(Extracted information Opens)

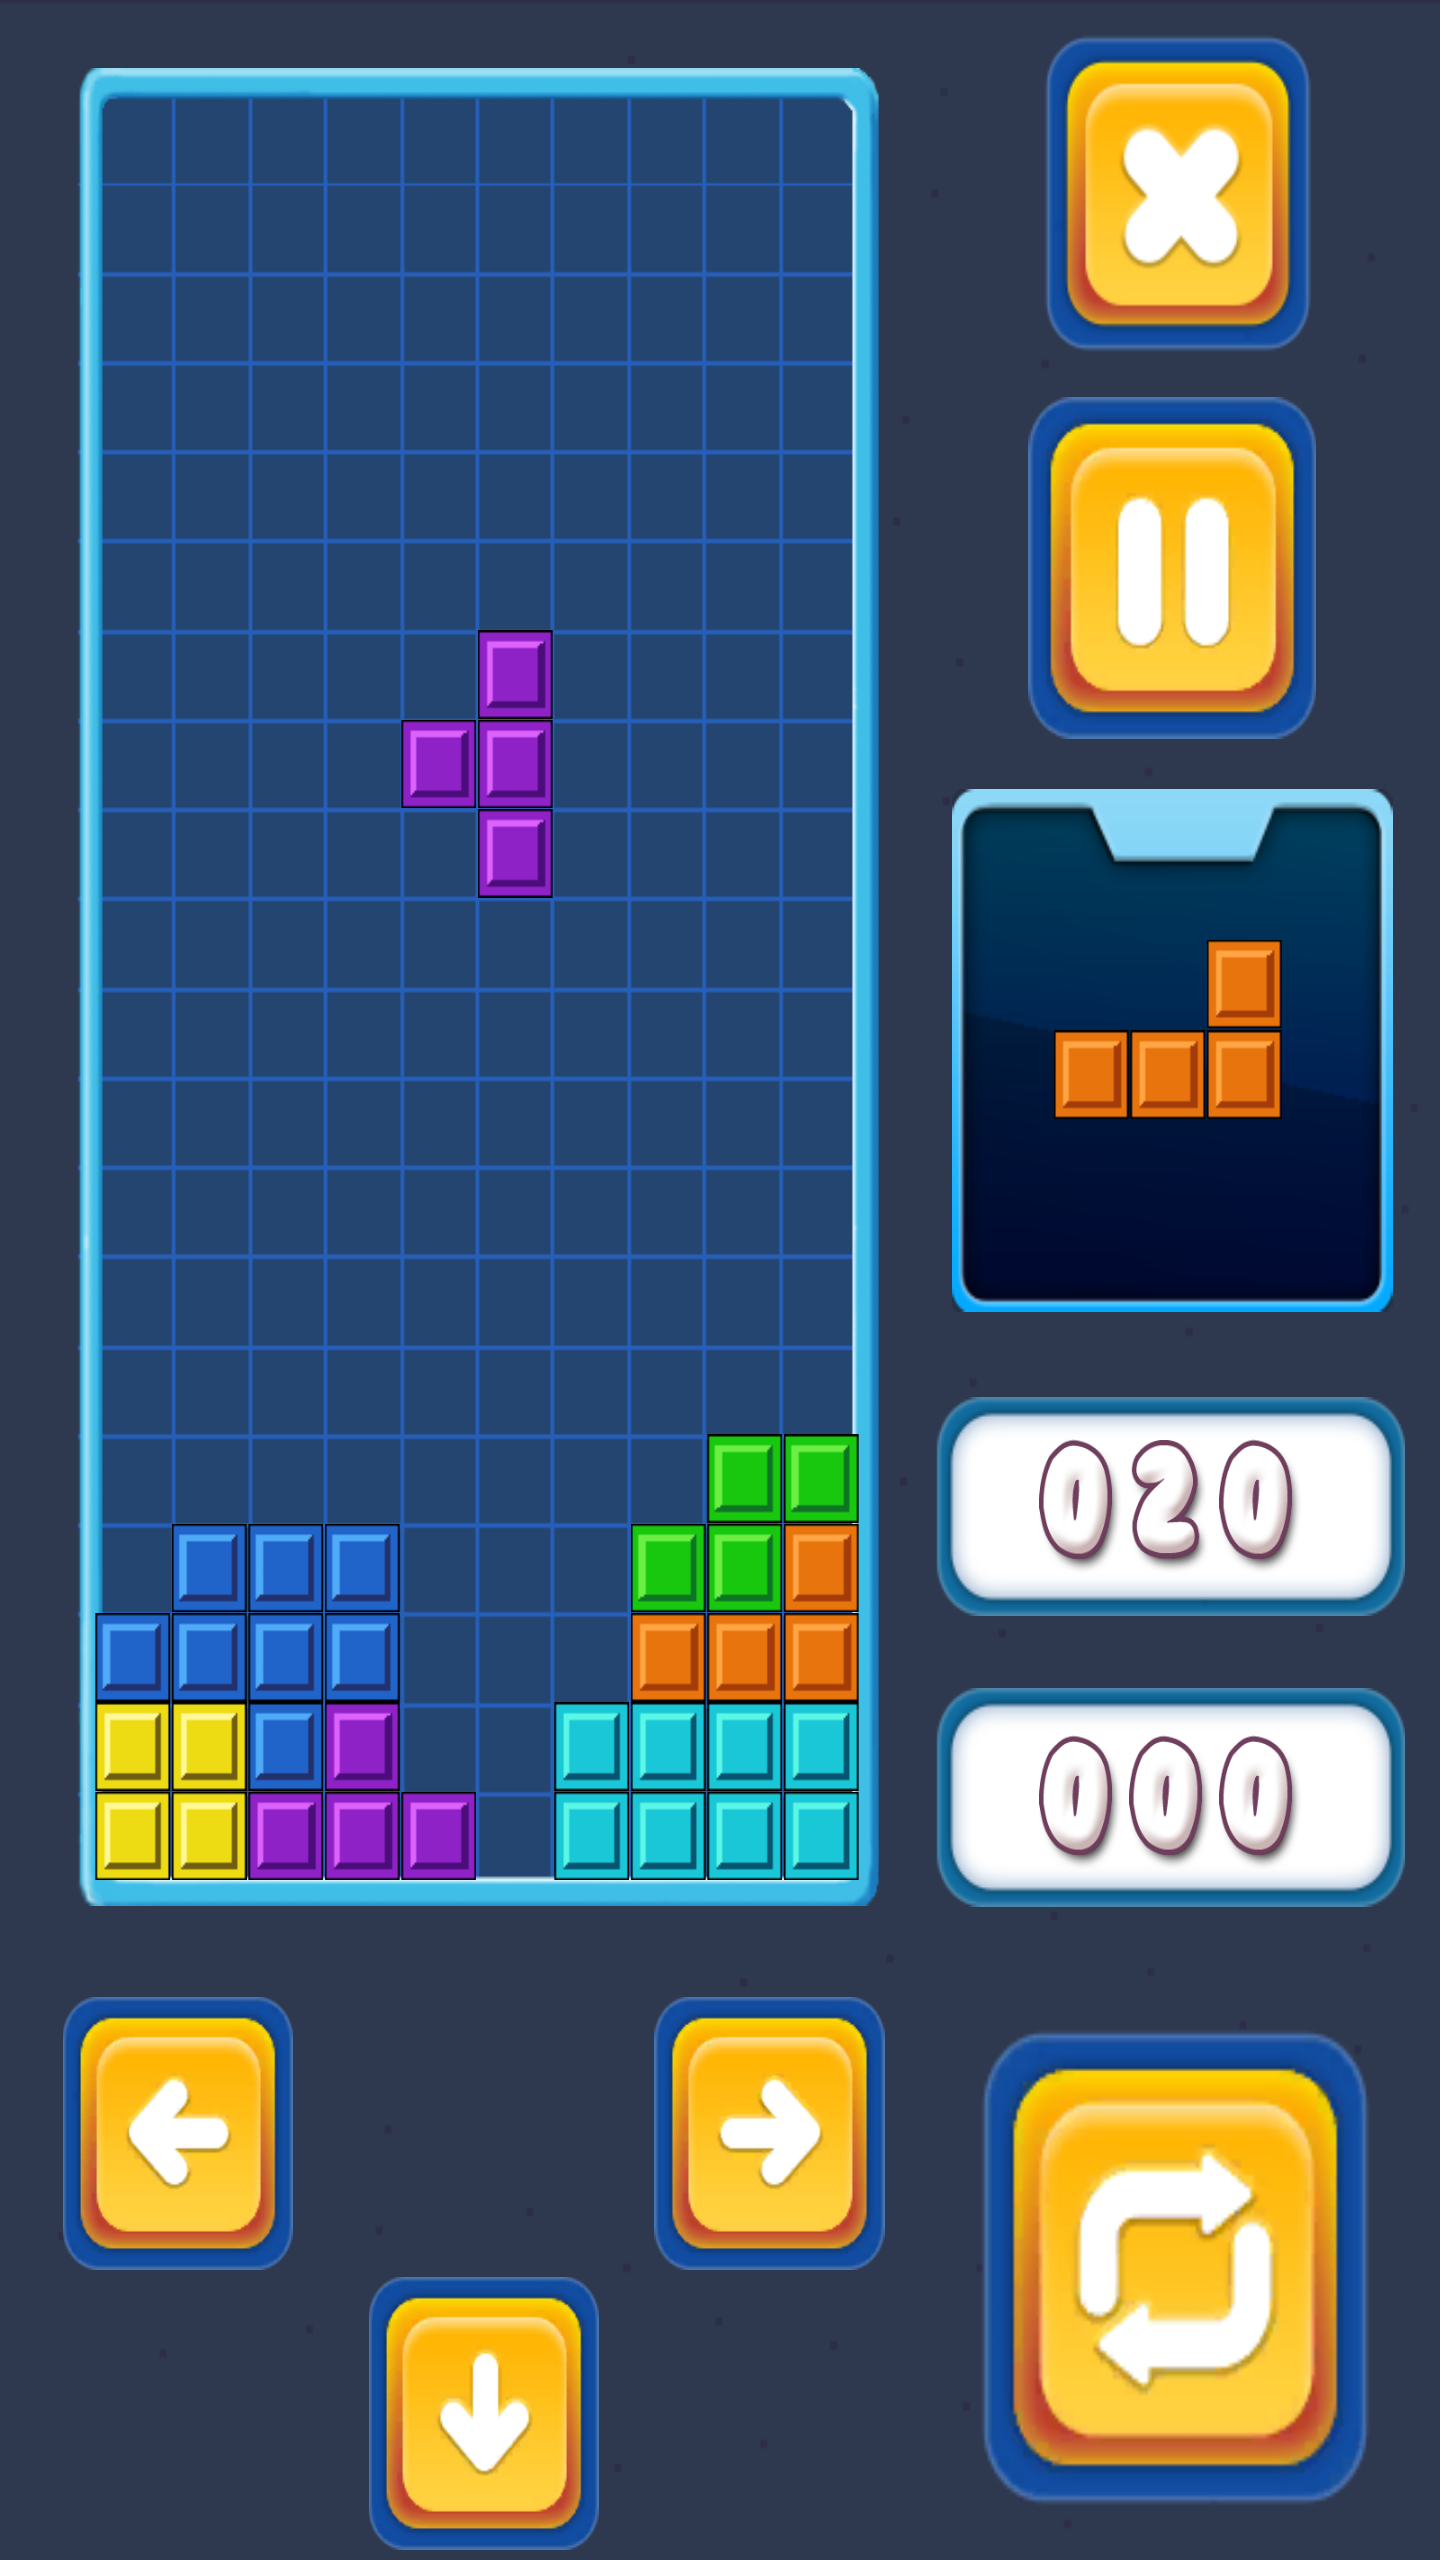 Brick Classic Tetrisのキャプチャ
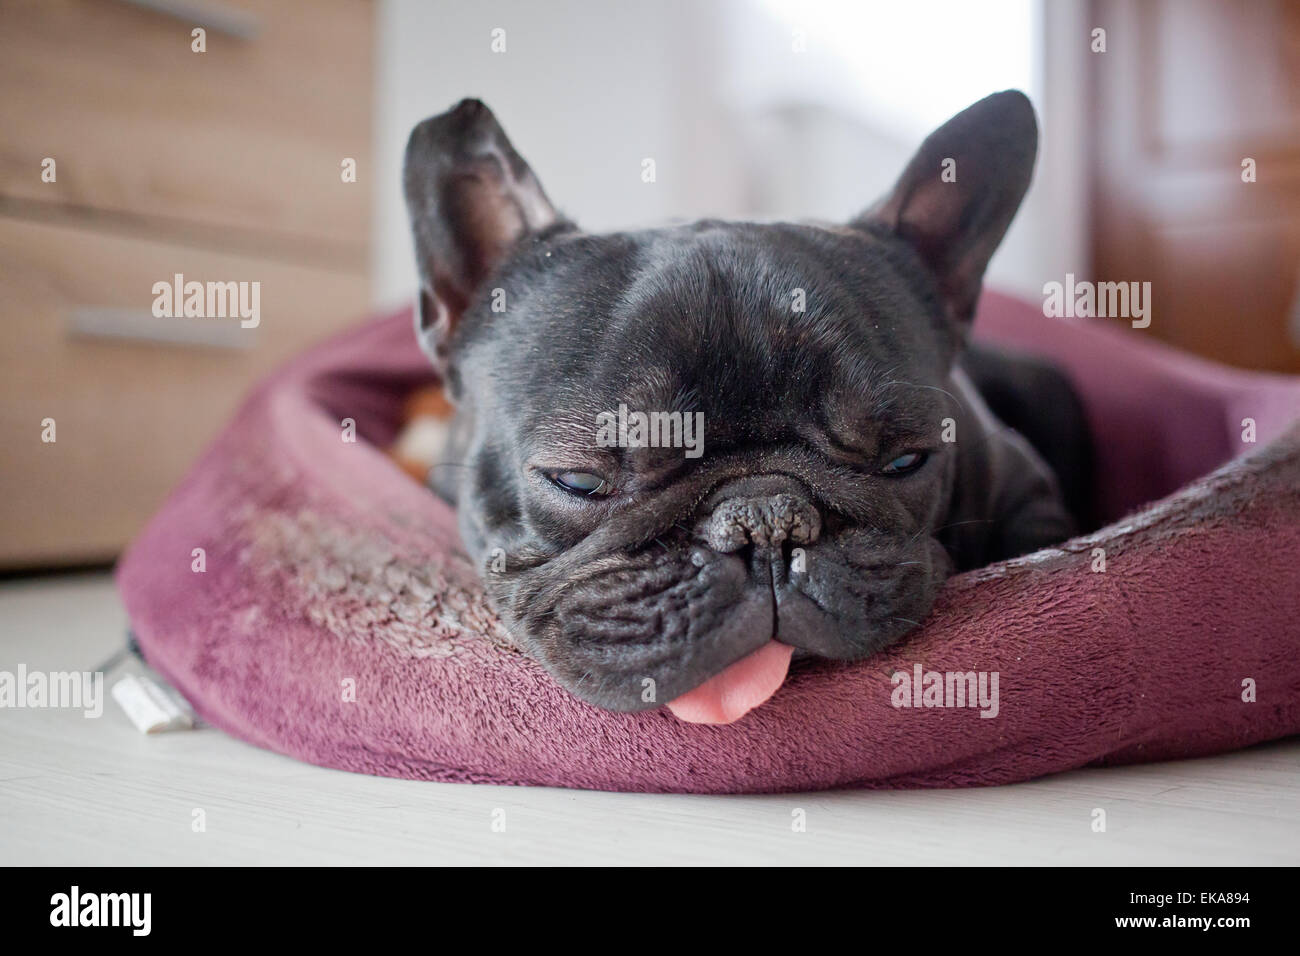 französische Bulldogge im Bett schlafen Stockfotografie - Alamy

(Extracted information Closes)
(Extracted information Opens)

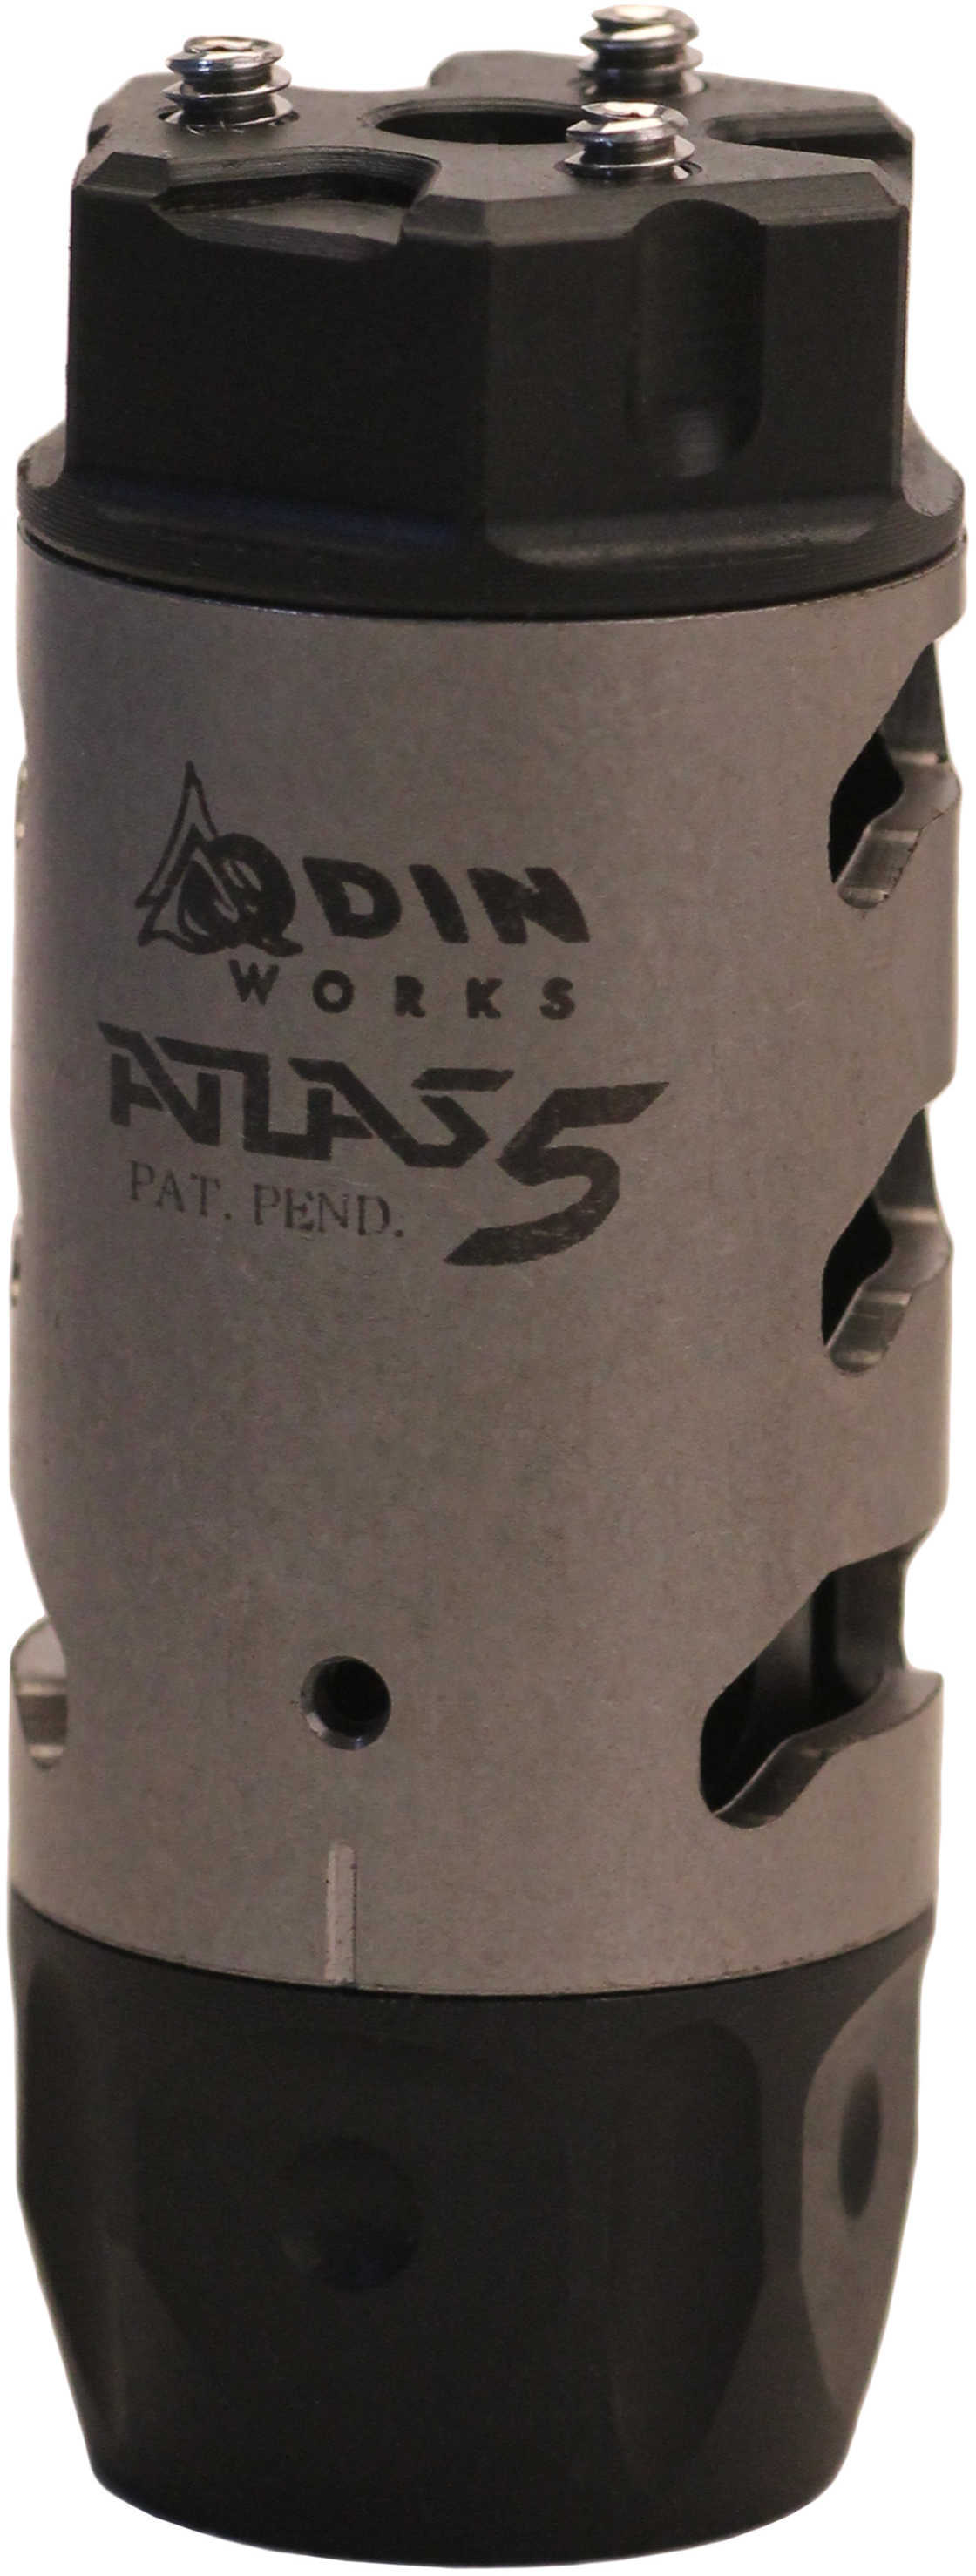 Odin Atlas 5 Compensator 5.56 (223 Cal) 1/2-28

(Extracted information Closes)
(Extracted information Opens)

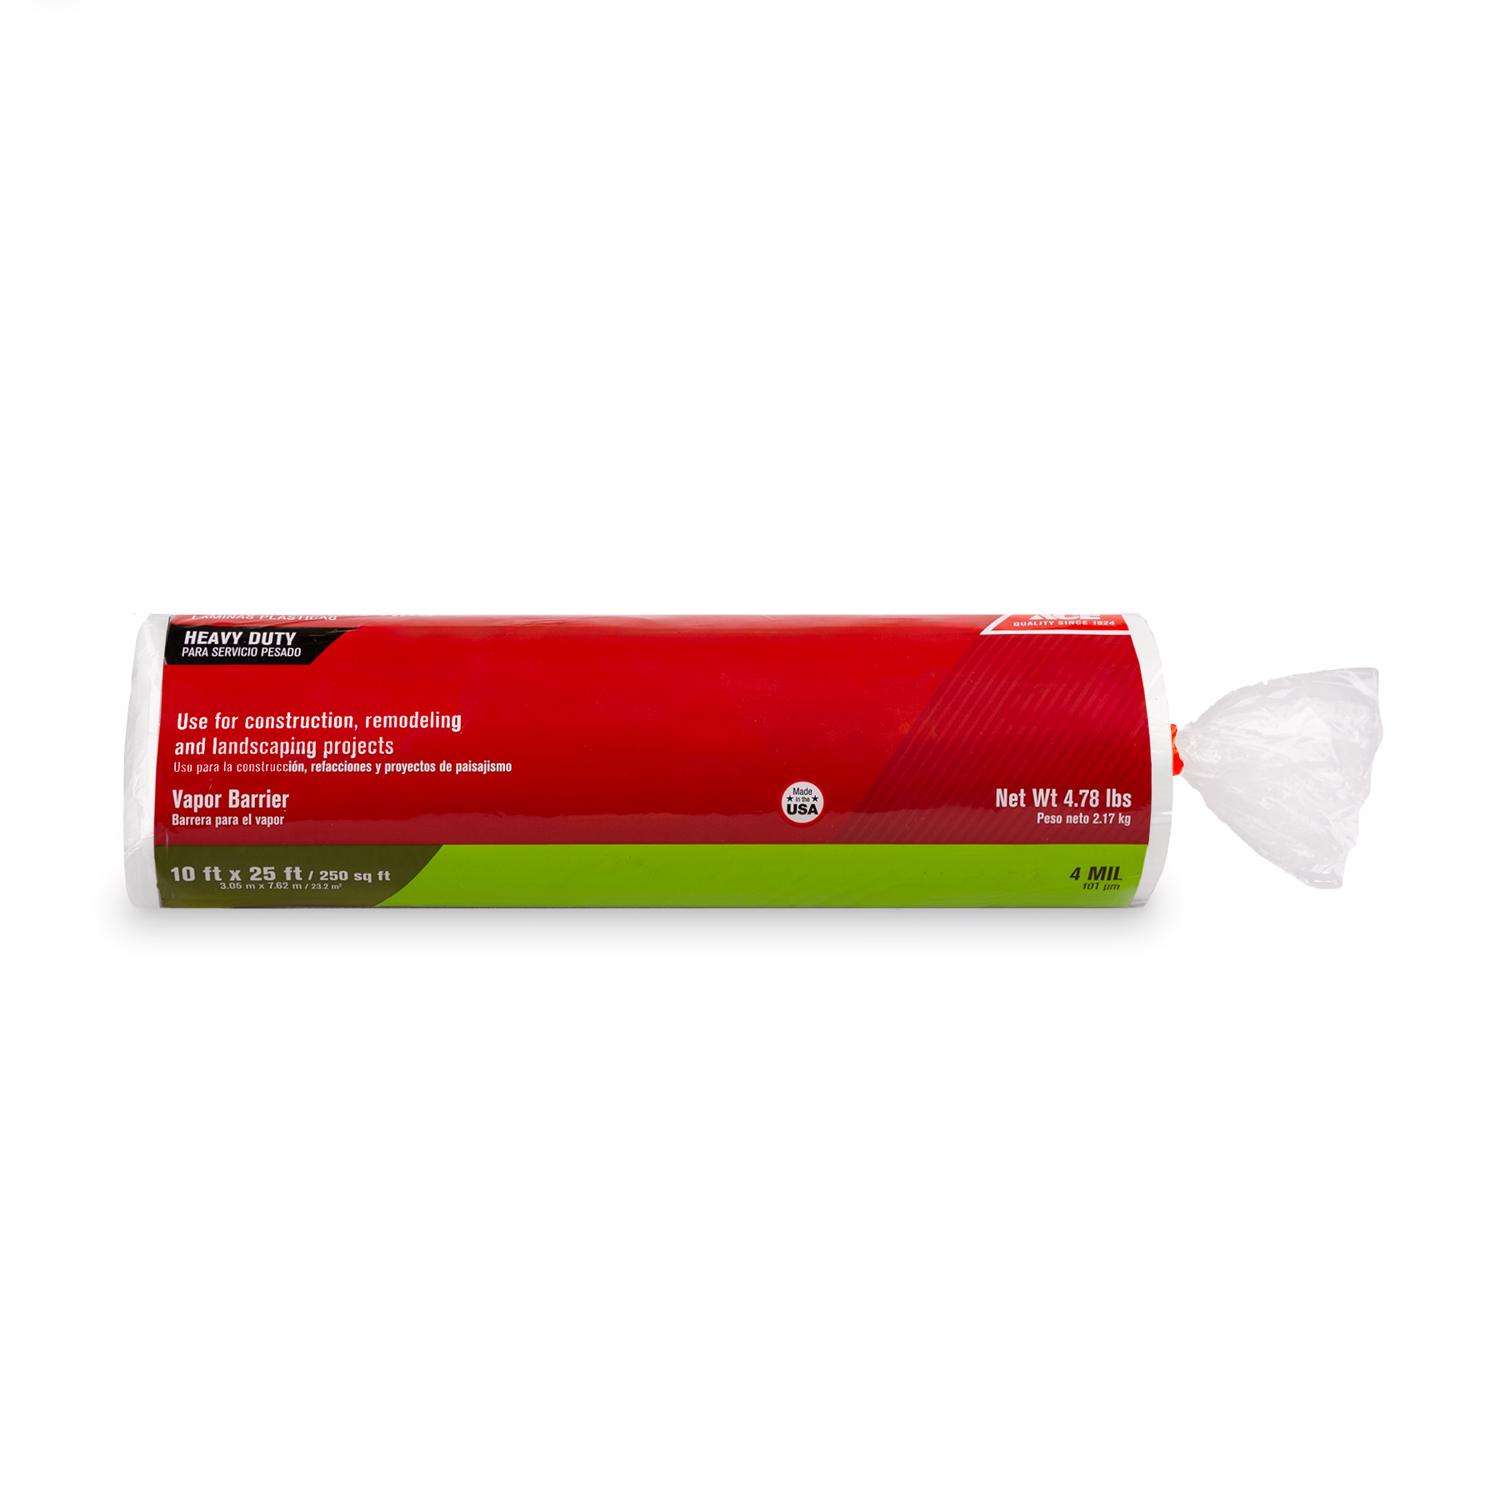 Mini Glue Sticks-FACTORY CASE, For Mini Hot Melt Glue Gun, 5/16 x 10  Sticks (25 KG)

(Extracted information Closes)

**Exercise goal**. Print an exact copy of the lines above, from the one containing "Brick Classic Tetrisのキャプチャ" through the one containing "französische Bulldogge im", and leave out the pictures.

**Answer section**.
 Brick Classic Tetrisのキャプチャ
 französische Bulldogge im Bett schlafen Stockfotografie - Alamy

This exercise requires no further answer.